Lewis has studied serial killers for the past
twenty-five years...showing that serial killers tend to
suffer from predictable patterns of psychological, physical, and neurological
dysfunction: that they were almost all the victims of harrowing physical and
sexual abuse as children, and that almost all of them have suffered some kind
of brain injury or mental illness. In 1998, she published a memoir of her life
and work entitled Guilty by Reason of Insanity. She was the last person
to visit Ted Bundy before he went to the electric chair...
But the calls kept coming. Frozen was
winning raves on Broadway, and it had been nominated for a Tony. Whenever
someone who knew Dorothy Lewis saw it, they would tell her that she really
ought to see it, too. In June, she got a call from a woman at the theatre where
Frozen was playing. "She said she'd heard that I work in this
field, and that I see murderers, and she was wondering if I would do a
talk-back after the show," Lewis said. "I had done that once before,
and it was a delight, so I said sure. And I said, would you please send me the
script, because I wanted to read the play...(and that's when Lewis realizes Frozen isn't about a psychiatrist LIKE her but that it was ABOUT her, that it had appropriated much of her life and her book.
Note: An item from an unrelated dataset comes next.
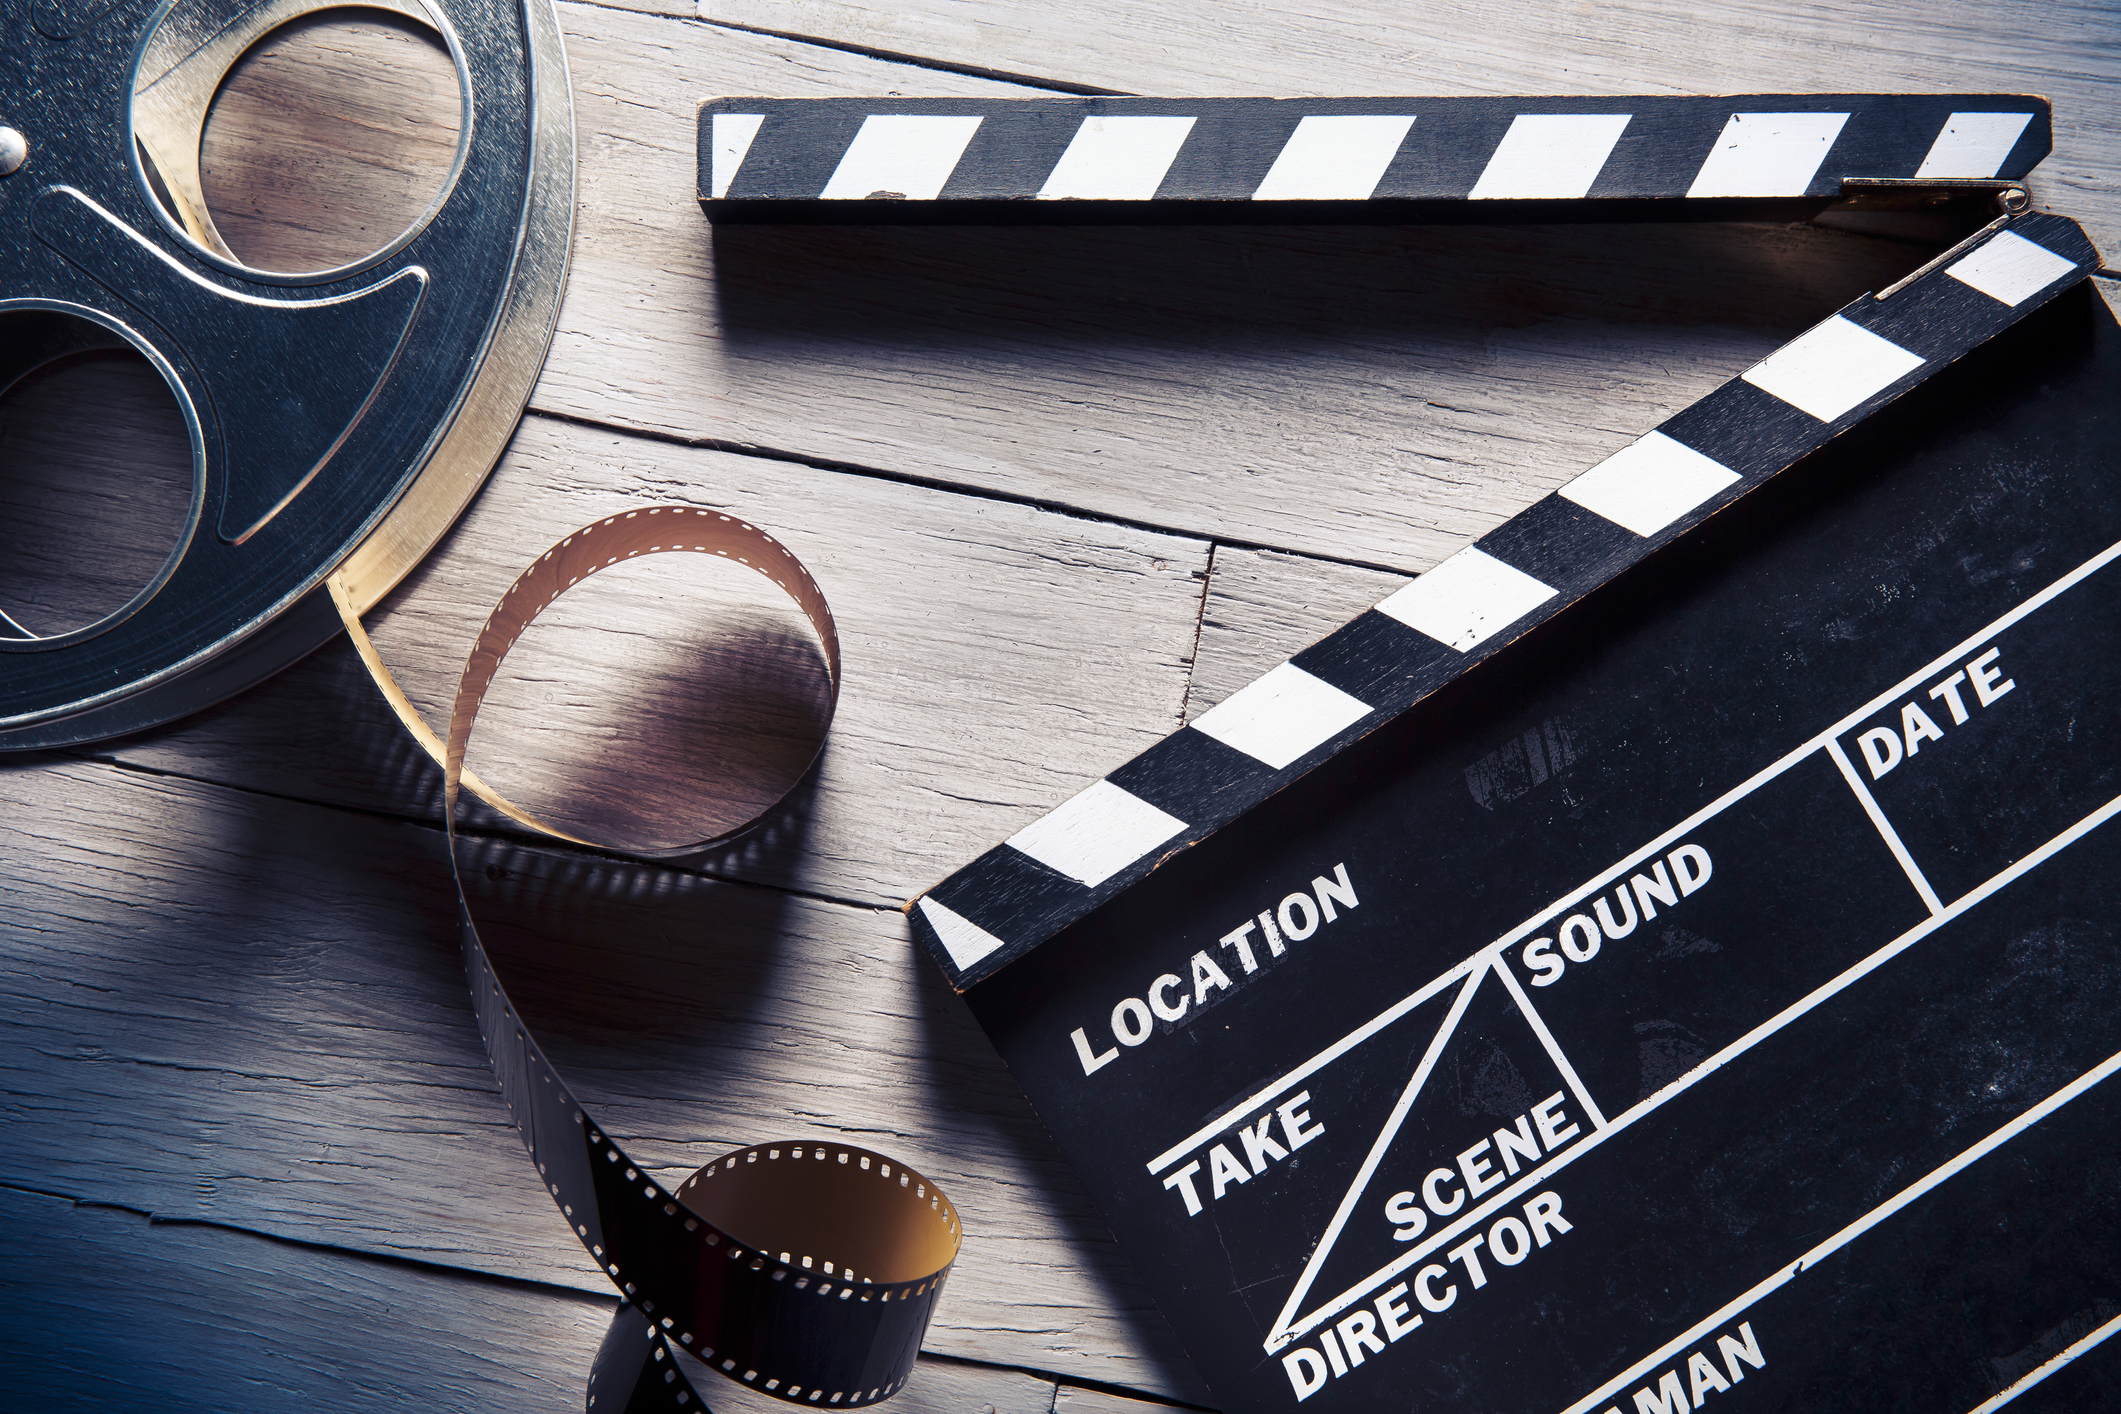 Film reel and movie clapper on wooden background

But what really bothered her were the parts NOT based on her life: the character has an affair with a colleague. Lewis worried that those who knew her and saw the play would think that she had had an affair with her collaborator in real life...)
(Near the end of the piece, Gladwell writes) When I read the original reviews of "Frozen," I noticed that time and again critics would use, without attribution, some version of the sentence "The difference between a crime of evil and a crime of illness is the difference between a sin and a symptom." That's my phrase, of course. I wrote it. Lavery borrowed it from me, and now the critics were borrowing it from her. The plagiarist was being plagiarized. In this case, there is no "art" defense: nothing new was being done with that line. And this was not "news." Yet do I really own "sins and symptoms"? There is a quote by Gandhi, it turns out, using the same two words, and I'm sure that if I were to plow through the body of English literature I would find the path littered with crimes of evil and crimes of illness... (Read the whole thing at Gladwell.com)
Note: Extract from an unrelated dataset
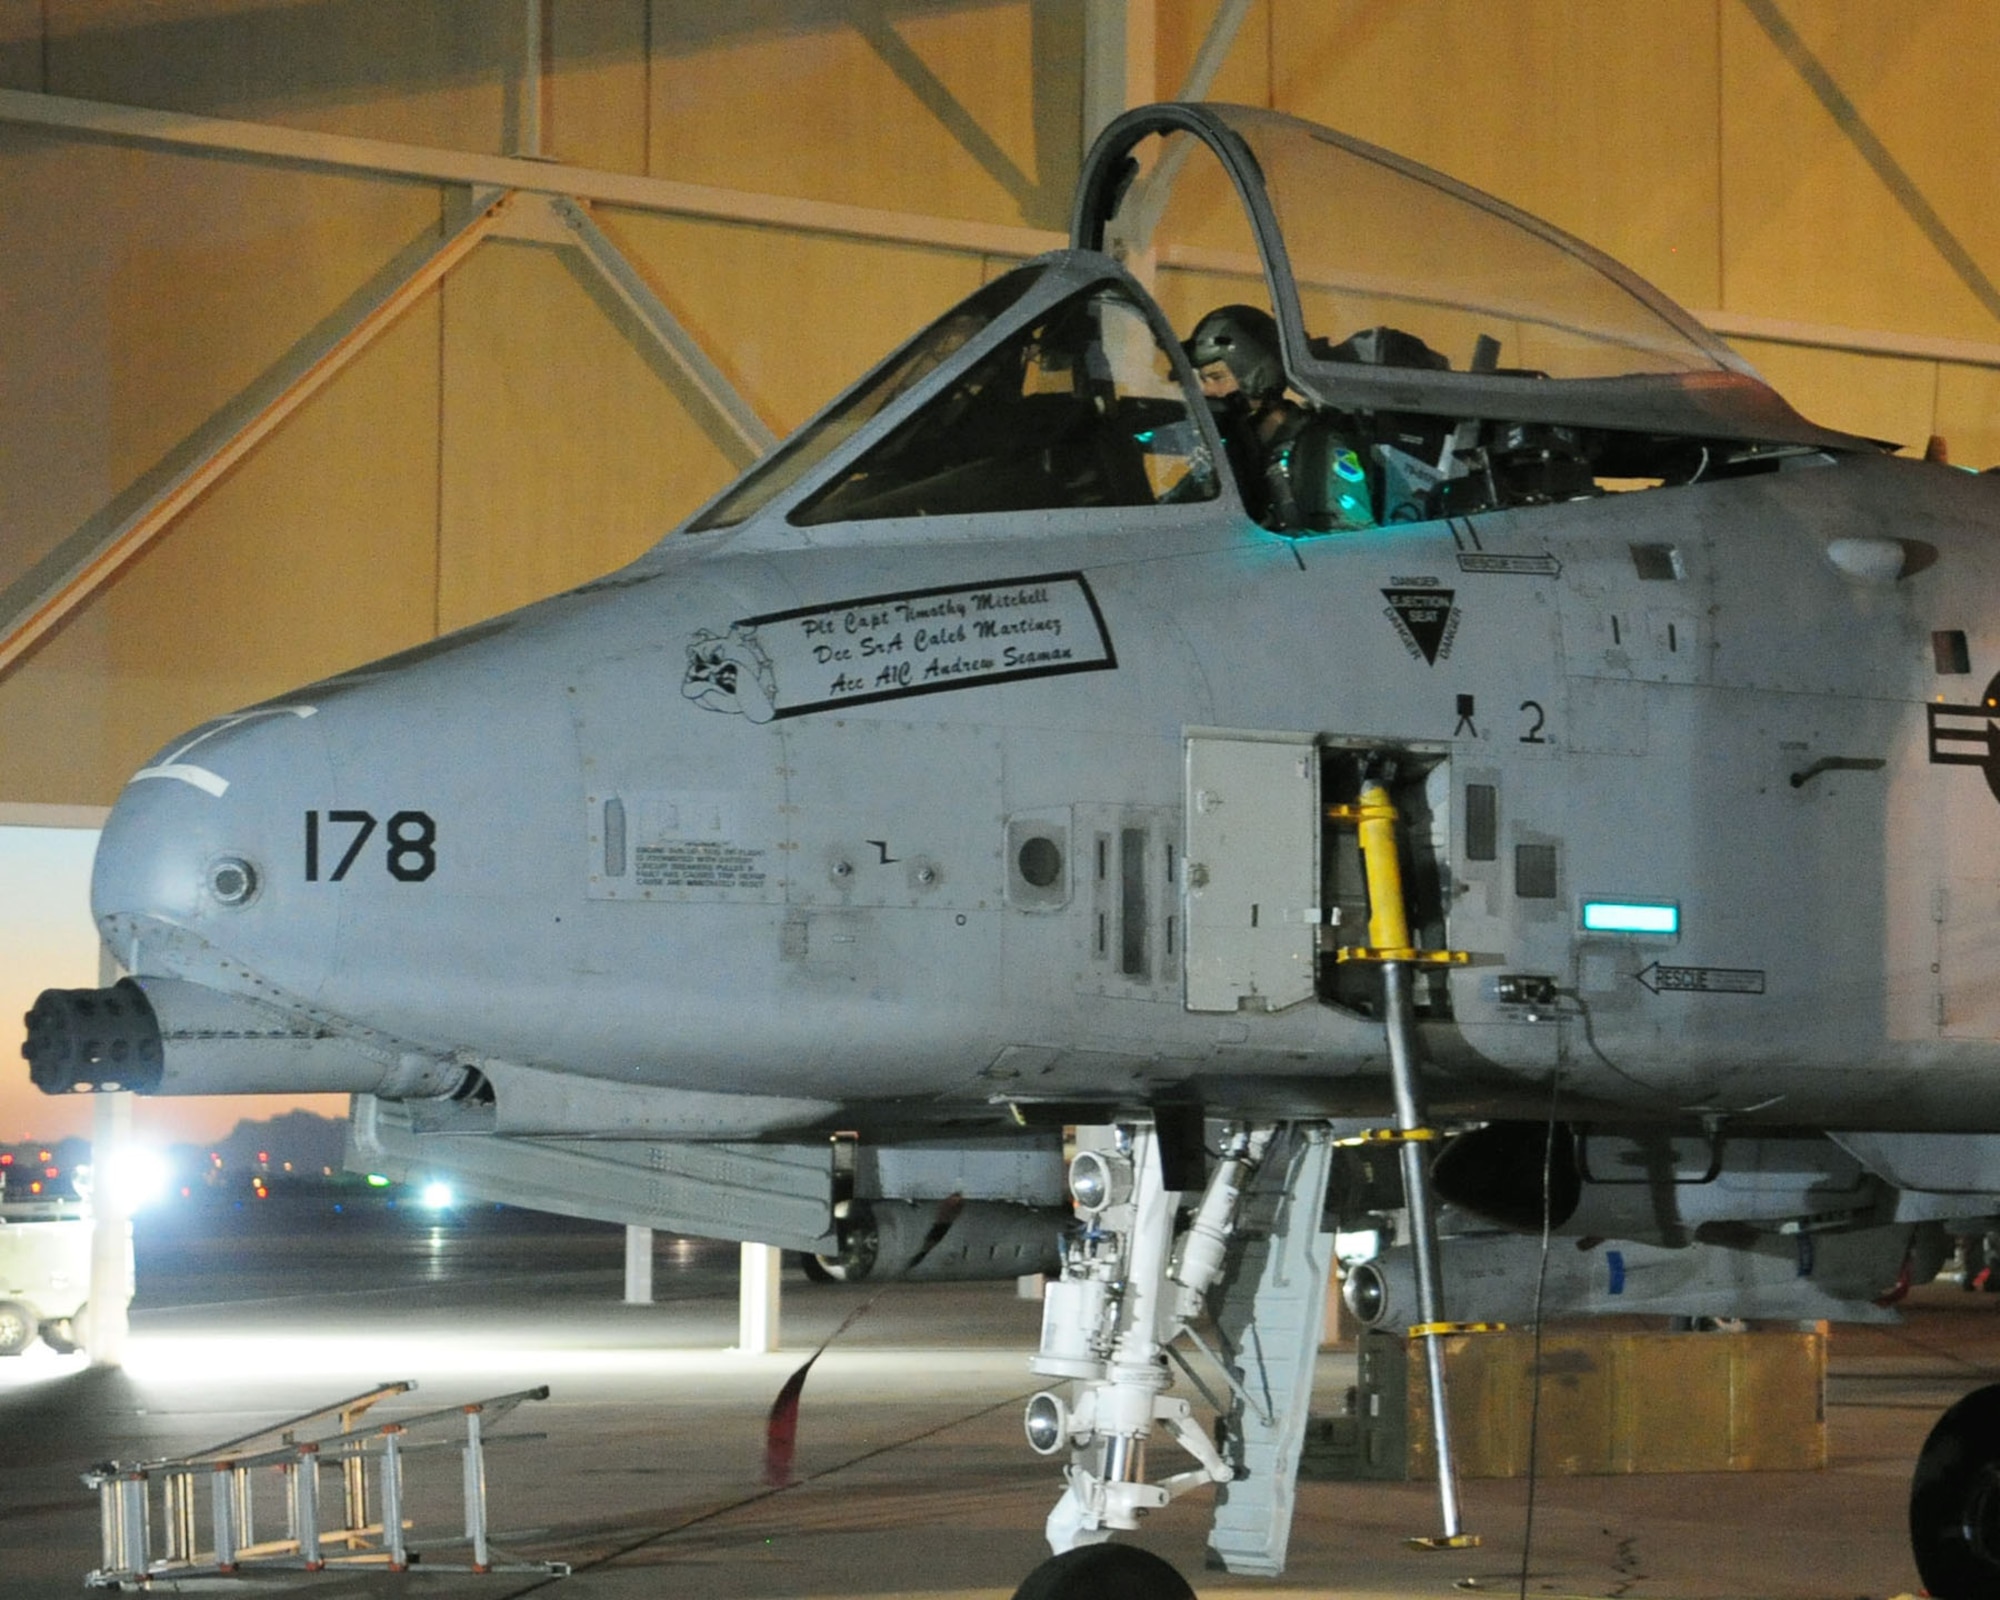 The canopy of his A-10C Thunderbolt II lowers as 1st Lt. Dan Griffin, a pilot from the 358th Fighter Squadron at Davis-Monthan Air Force Base, Ariz., prepares to taxi out for his second of eight night flying missions June 23, 2010. Lieutenant Griffin is a student in the A-10C Pilot Initial Qualification course and as part of his training requirements he must learn to execute night flying missions using night vision goggles. He will accomplish this training through six hours of academic classes, five hours in the A-10 flight simulator and training flights. (U.S. Air Force photo/Airman 1st Class Jerilyn Quintanilla)

(Near the end of the piece, Gladwell writes) When I read the original reviews of "Frozen," I noticed that time and again critics would use, without attribution, some version of the sentence "The difference between a crime of evil and a crime of illness is the difference between a sin and a symptom." That's my phrase, of course. I wrote it. Lavery borrowed it from me, and now the critics were borrowing it from her. The plagiarist was being plagiarized. In this case, there is no "art" defense: nothing new was being done with that line. And this was not "news." Yet do I really own "sins and symptoms"? There is a quote by Gandhi, it turns out, using the same two words, and I'm sure that if I were to plow through the body of English literature I would find the path littered with crimes of evil and crimes of illness... (Read the whole thing at Gladwell.com)
Posting the link to the article on Facebook led to a discussion of plagiarism itself. And that reminded me of this related issue: does an artist "own" her/his artistic act? Is it appropriation to turn someone else's acts into a novel? Here's food for thought on this, about the artistic event that inspired Steven Galloway's The Cellist of Sarajevo. Another piece on't, from CBC, titled "Famous cellist claims story stolen by Canadian author."
(How did I miss all this when it actually happened, I wonder??)
"Cellist Vedran Smailovic, a musician made famous during the Bosnian conflict in 1992..."
Please feel free to comment on any of these issues...
And let me leave you with this, perhaps the most loved cello piece in recent memory, Yo-yo Ma playing Bach Cello Suite No.1 - Prelude...
Please feel free to comment on any of these issues...
And let me leave you with this, perhaps the most loved cello piece in recent memory, Yo-yo Ma playing Bach Cello Suite No.1 - Prelude...
Using the idea of other writers is a different thing, but using their lines amounts to plagiarism. Therefore, you need to remain conscious about content stealth.